PROBLEM REQUIREMENTS
Leaving out the images, reproduce every line of the data that follows exactly.

SOURCE DATA

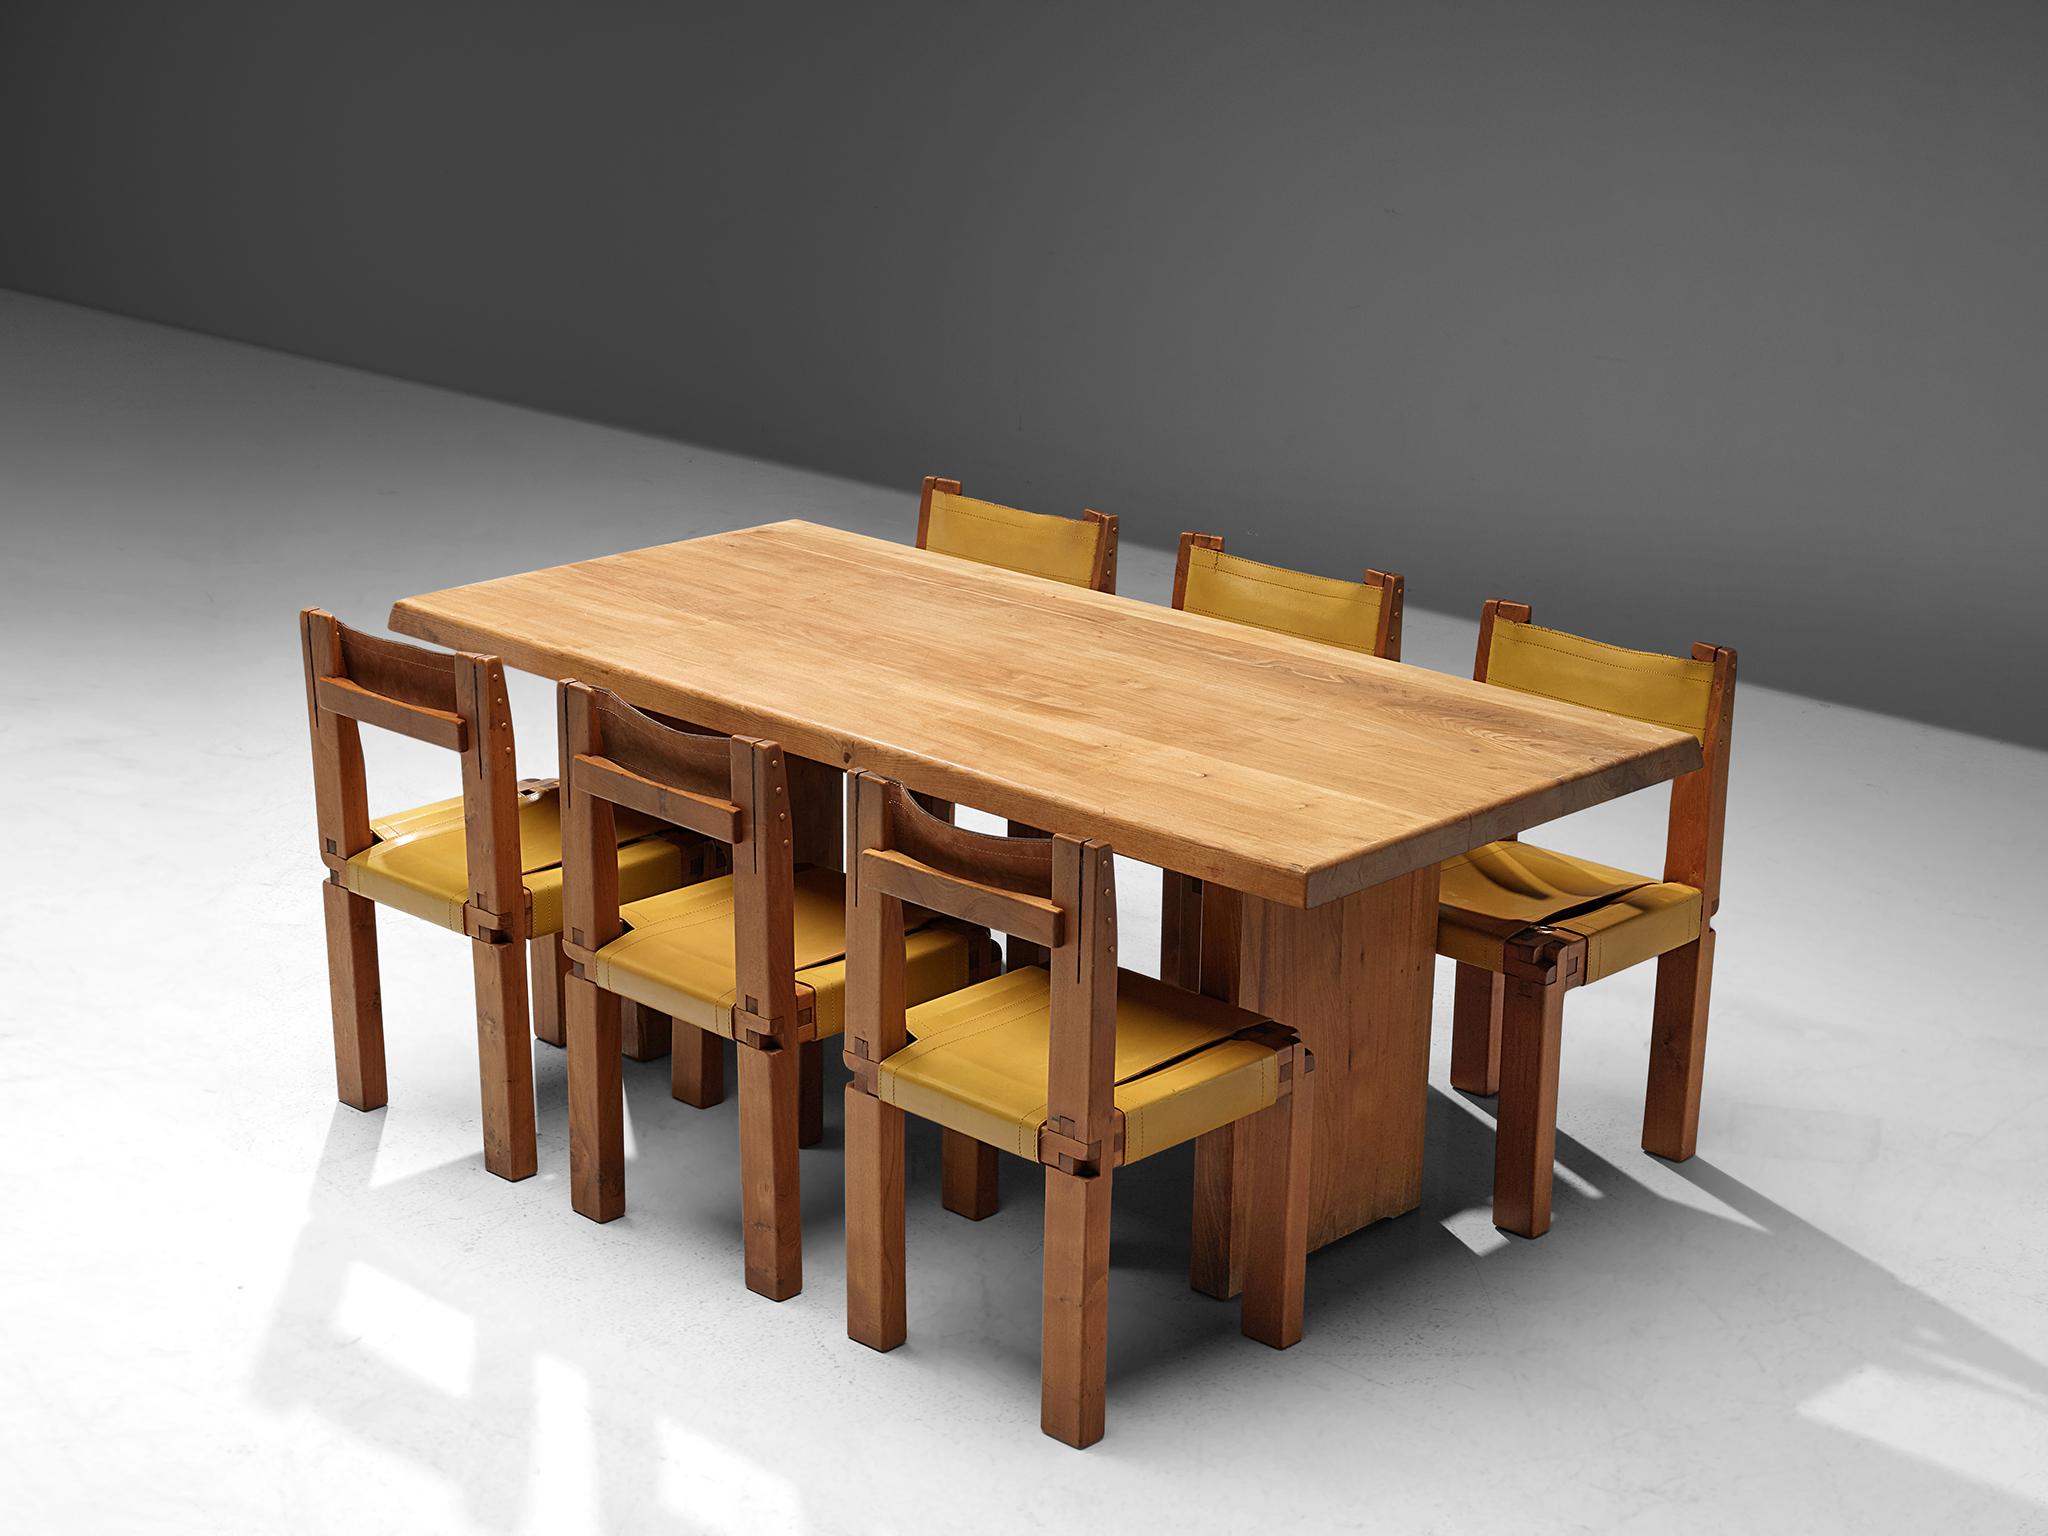 Pierre Chapo, dining table model T14C in elm, and set of six dining chairs model S11 in elm and yellow leather, France, 1960s.

A beautiful dining room set by the French designer Pierre Chapo. 
The dining table has a strong and simplified design

RESPONSE TO THIS EXERCISE
 Pierre Chapo, dining table model T14C in elm, and set of six dining chairs model S11 in elm and yellow leather, France, 1960s.

A beautiful dining room set by the French designer Pierre Chapo. 
The dining table has a strong and simplified design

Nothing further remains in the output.